The harness was designed with the preview, but no it was still tested on the full public set in that environment. You can run the benchmark in different 'environments' though it's unclear what the difference between them is.

>We then tested the harnesses on the full public set (which researchers did not have access to at the time)


It may have been tested on the full set, but the score you quote is for a single game environment. Not the full public set. That fact is verbatim in what you responded to and vbarrielle quoted. It scored 97% in one game, and 0% in another game. The full prelude to what vbarrielle quoted, the last sentence of which you left out, was:

> We then tested the harnesses on the full public set (which researchers did not have access to at the time). We found extreme bimodal performance across the two sets, controlling for the same frontier model...

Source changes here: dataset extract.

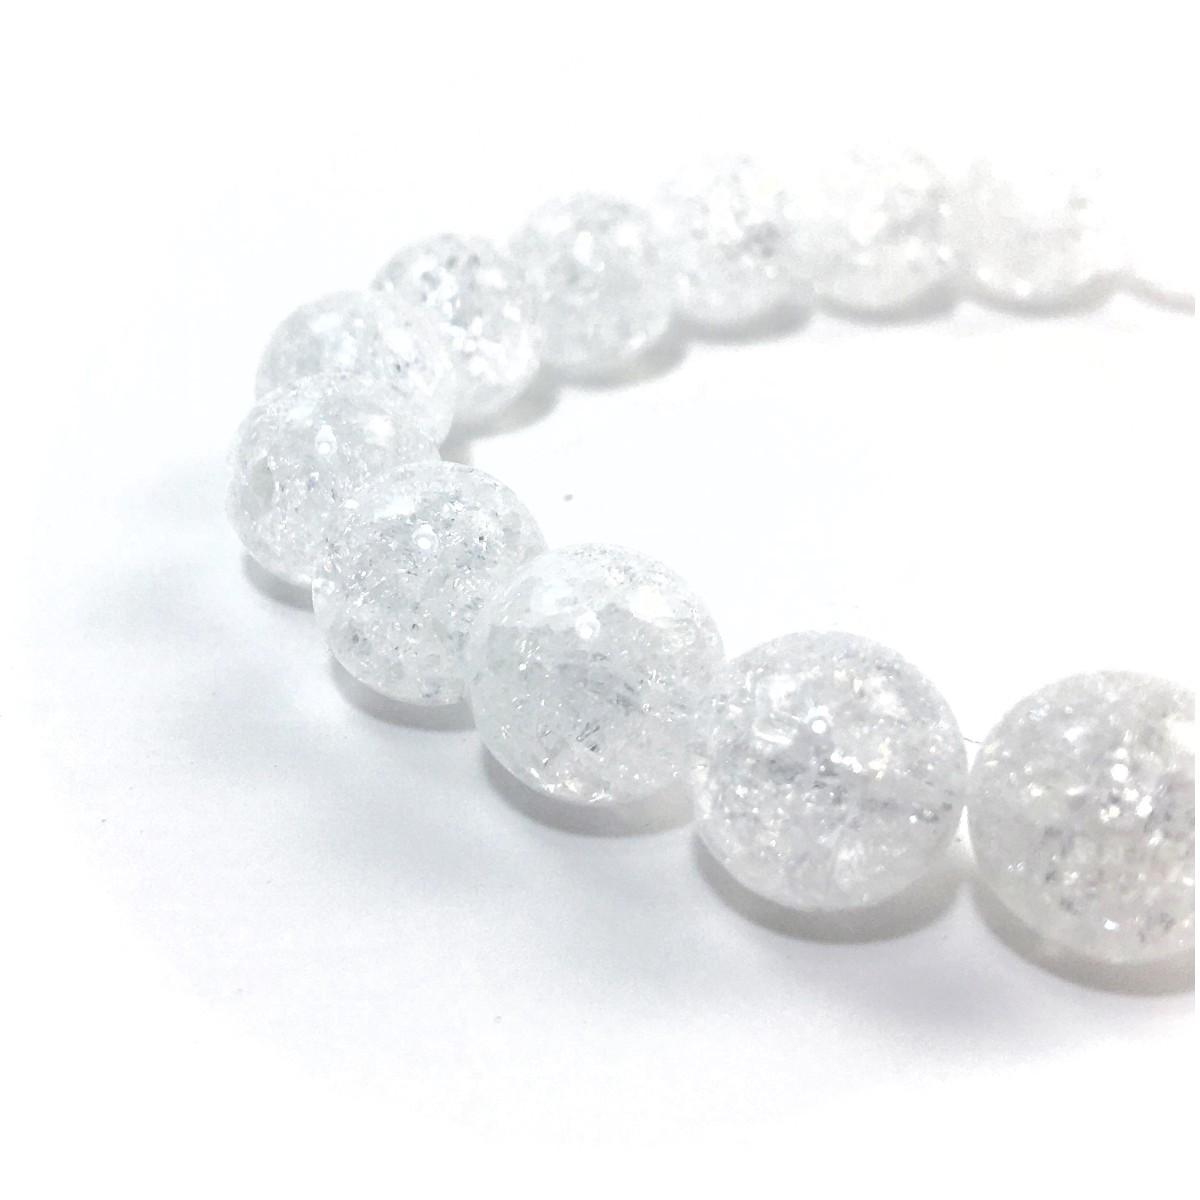 クラック水晶 パワーストーン ブレスレット 10mm 天然石ブレス シンプル 開運 浄化 数珠ブレス メンズ・レディース  男性_画像3
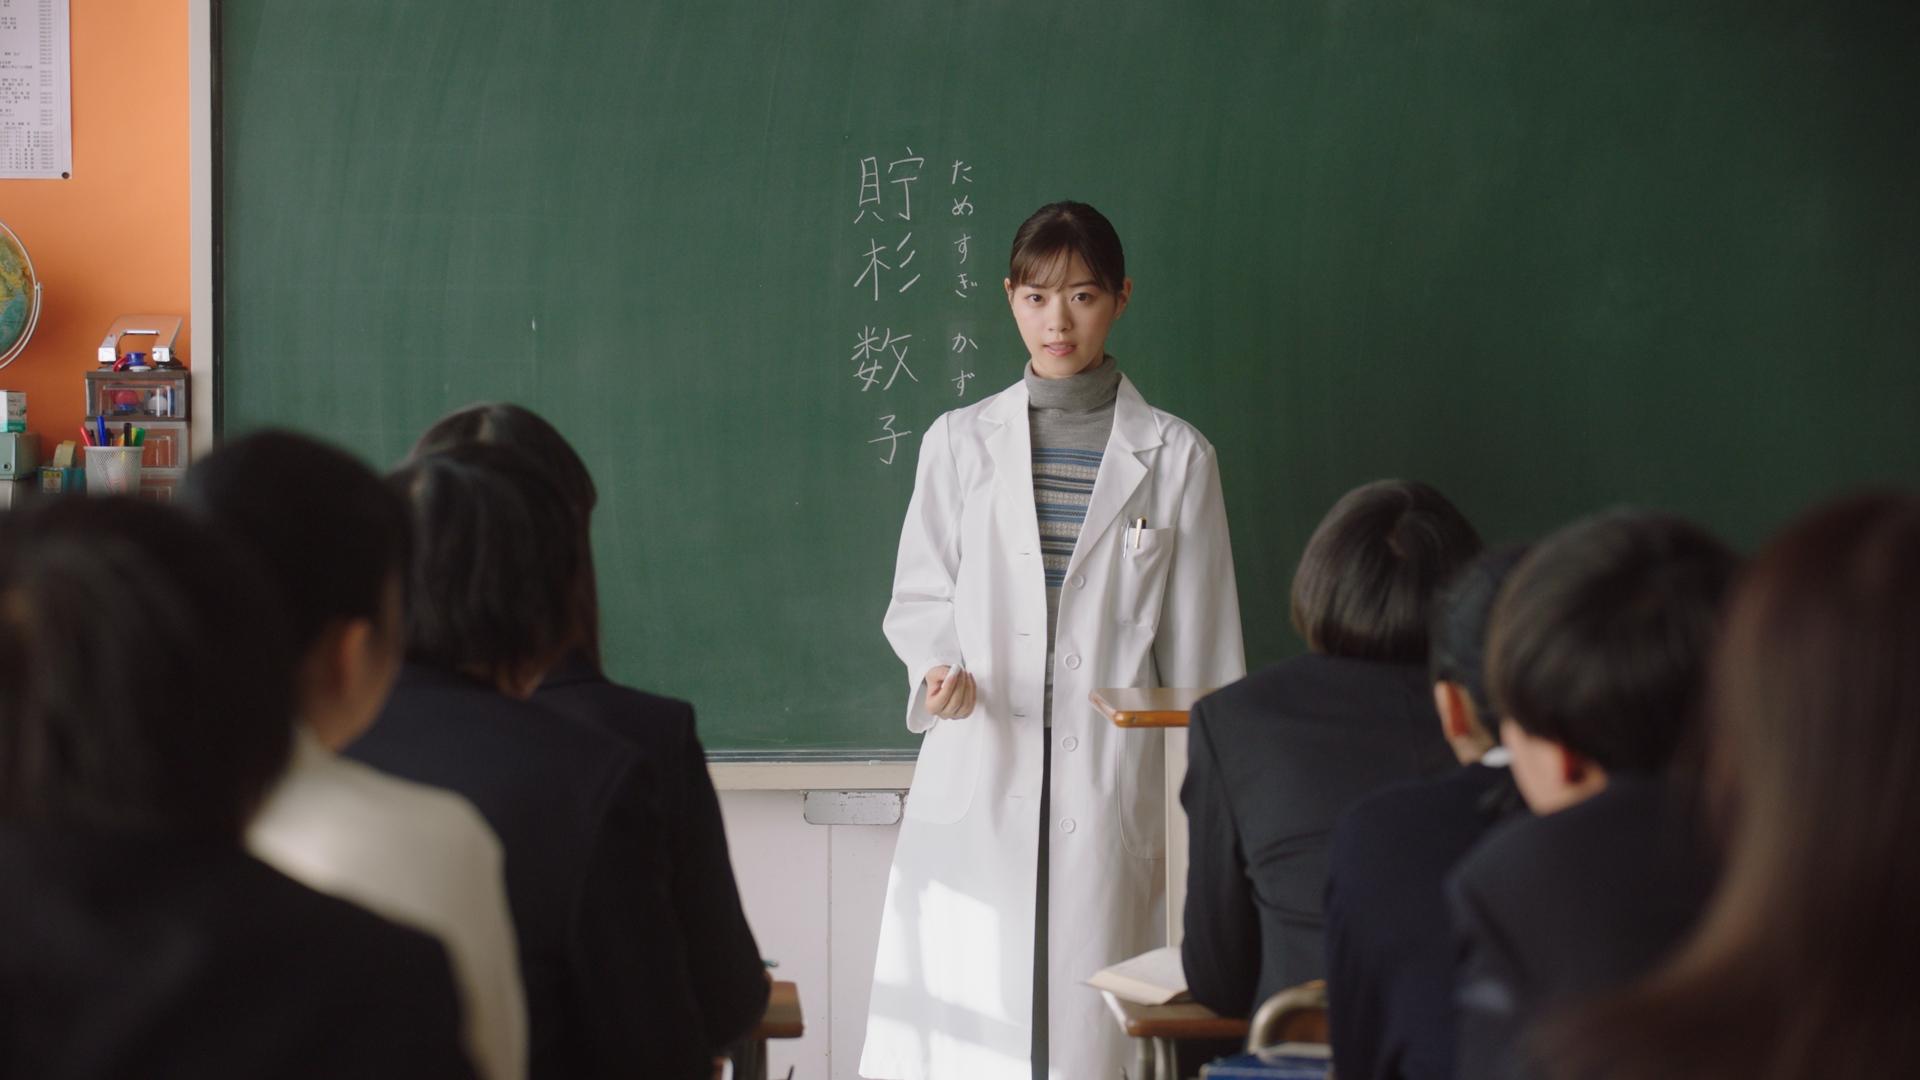 """西野七瀬、auのCM""""意識高すぎ!高杉くん""""シリーズに先生役で登場"""

The harness only transfers to like-environments and the intelligence for those specific games is baked into the harness by the humans who coded it for this specific challenge.

The point of ARC-AGI is to test the intelligence of AI systems in novel, but simple, environments. Having a human give it more powerful tools in a harness defeats the purpose. You should go back and read the original ARC-AGI paper to see what this is about+. Are you upset about the benchmark because frontier LLM models do so poorly exhibiting the ability to generalize when the benchmarks are released?

+ https://arxiv.org/abs/1911.01547


> intelligence for those specific games is baked into the harness

This is your claim but the other commenter claims the harness consists only of generic tools. What's the reality?

I also encountered confusion about this exact issue in another subthread. I had thought that generic tooling was allowed but others believed the benchmark to be limited to ingesting the raw text directly from the API without access to any agent environment however generic it might be.


The purpose is to benchmark both generality and intelligence. "Making up for" a poor score on one test with an excellent score on another would be the opposite of generality. There's a ceiling based on how consistent the performance is across all tasks.

The scroes they're getting are on the order of 0-1% for this ARC-AGI-3 benchmark.